Federico's son Guidobaldo I obligingly failed to produce an heir, and so adopted the son of Giovanni and Giovanna, Francesco Maria Della Rovere, as his successor. In 1508, during the papacy of Julius II, the far-sighted Della Rovere scheme came to fruition, when Francesco Maria became Duke of Urbino. The family's rule of the Duchy, amalgamated with the neighboring statelets of Senigallia and Pesaro, was to last until 1631, when a large part of the family's collections were dispersed, with many pieces going to Rome, Florence and elsewhere.

The hilly dukedom was poor in natural resources, so the means by which Federico da Montefeltro bankrolled his spending on art and the construction on his vast palace in Urbino, described in a 16th century translation of Baldassare Castiglione's 'The Book of the Courtier' (set in the palace) as 'the fairest that was to bee found in all Italie,' was by hiring himself and his private army of fierce peasant hill-folk as mercenaries. So feared was Federico that at one point the Venetians offered him 80,000 ducats a year on condition that he stayed at home in his palace doing nothing and undertook not to intervene on behalf of any of the Serenissima's enemies.

The Della Rovere, too, had a strong martial streak - Julius II was much happier in full armor conducting a siege from the front line than in his papal tiara dispensing benedictions - and the Della Rovere dukes followed in Federico's footsteps with considerable success, likewise spending a large proportion of what they earned through war on art.
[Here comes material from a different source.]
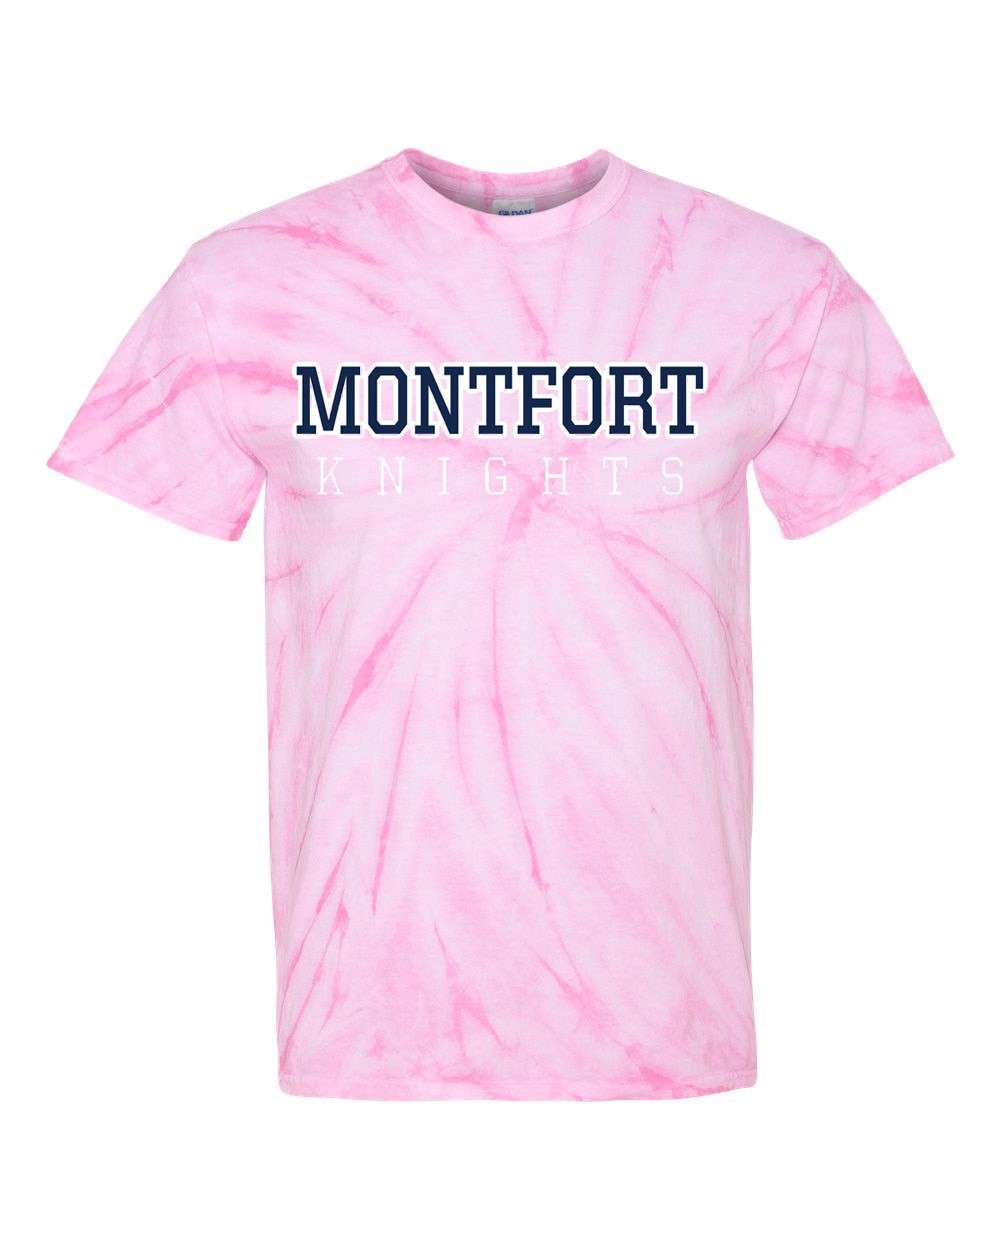 MONTFORT Spirit S/S Tie Dye T-Shirt w/ Navy Logo - Please Allow 2-3 Weeks for Delivery

The Della Rovere inherited a stupendous legacy of artworks from Federico, notably in the architecture of Francesco di Giorgio and the paintings of Piero della Francesca, but none of the succeeding dukes rested on their laurels, competing ferociously to retain the best artists and obtain the finest works.

In 1538, to take but one example, Guidobaldo II declared himself prepared to go to any lengths and, despite the parlous state of his finances, by implication to pay almost any price to secure Titian's 'Nude Woman' (now at the Uffizi, and known as 'The Venus of Urbino'). As the chief of Florence's museums, Antonio Paolucci, points out in an amusing essay in the catalogue, this still extremely erotic work was quite devoid the usual mythological references, the Venus epithet being added only later to sanitize its blatant sexuality. (Though providing this text, Paolucci did not, alas, allow this delicious creature to return to Urbino for the duration of the show.)
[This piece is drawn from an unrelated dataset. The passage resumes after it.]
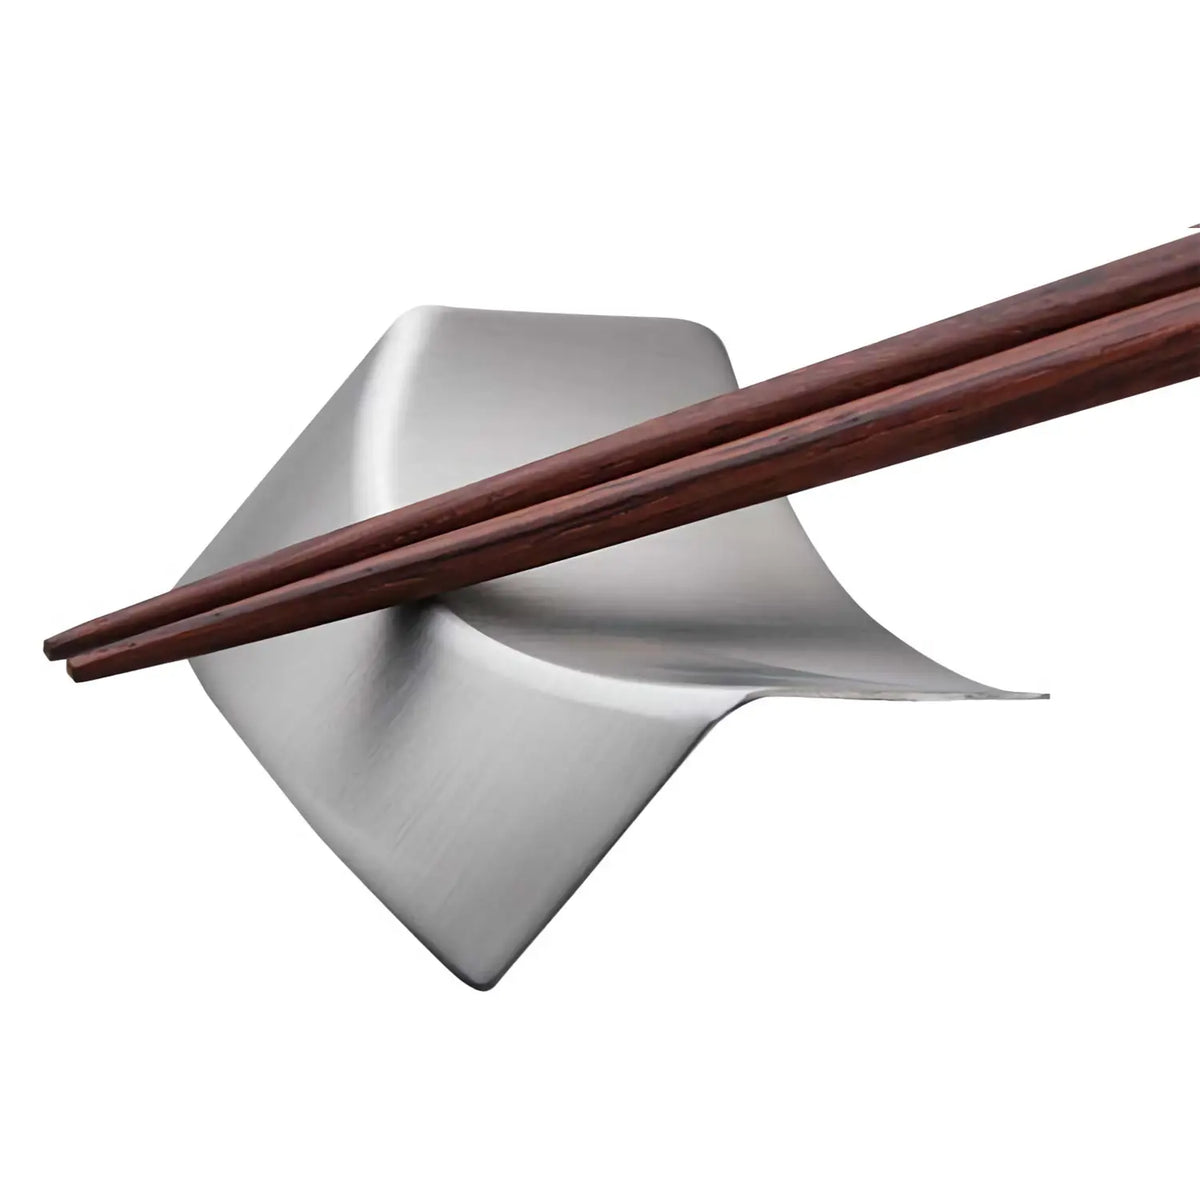 LUCKYWOOD ORI Stainless Steel Chopstick Rest

A unique feature of the courts of the Dukes of Urbino was the dominant role of women. Almost all the duchesses that married into the dynasty were from the great families of Italy - the Sforza, Gonzaga, d'Este, de' Medici - and were well educated. The importance of women here is witnessed on page after page of Castiglione's 'Courtier,' and in many ways the book can be seen as a protofeminist work in its advocacy of the equality of women in intellectual and cultural matters. Already in Federico da Montefeltro's time the women of the household were playing a major part in setting the style there. The ascendancy of women was given a further boost by the fact that the last Montefeltro, Guidobaldo I, was a lifelong invalid who, as Castiglione noted 'on account of his infirmity after supper went very early to bed,' leaving his wife, Elisabetta Gonzaga, to preside alone over the palace's many evening activities.
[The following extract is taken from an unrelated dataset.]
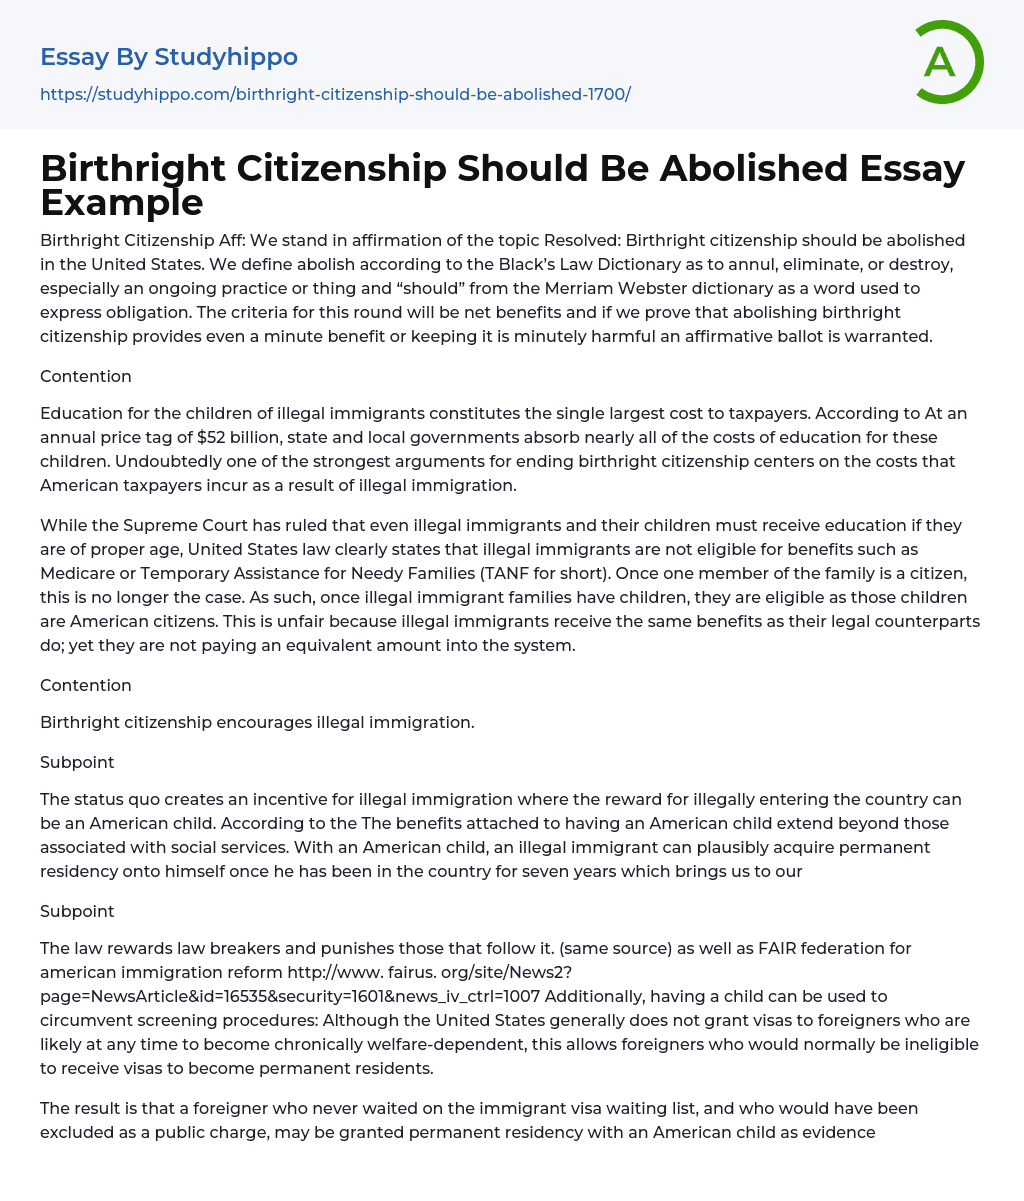 Birthright Citizenship Should Be Abolished Essay Example

But throughout the rest of the period women at court were frequently the de facto rulers of the state during their husbands' and menfolk's extended absences on military expeditions. This meant they not only found themselves dealing with diplomatic correspondence and running the dukedom's extensive and complex international relations, but also managing its finances and day-to-day economy. Thus, the influence of women on artistic patronage was also greater and more consistent in the Della Rovere duchy than in any other Renaissance state in Italy.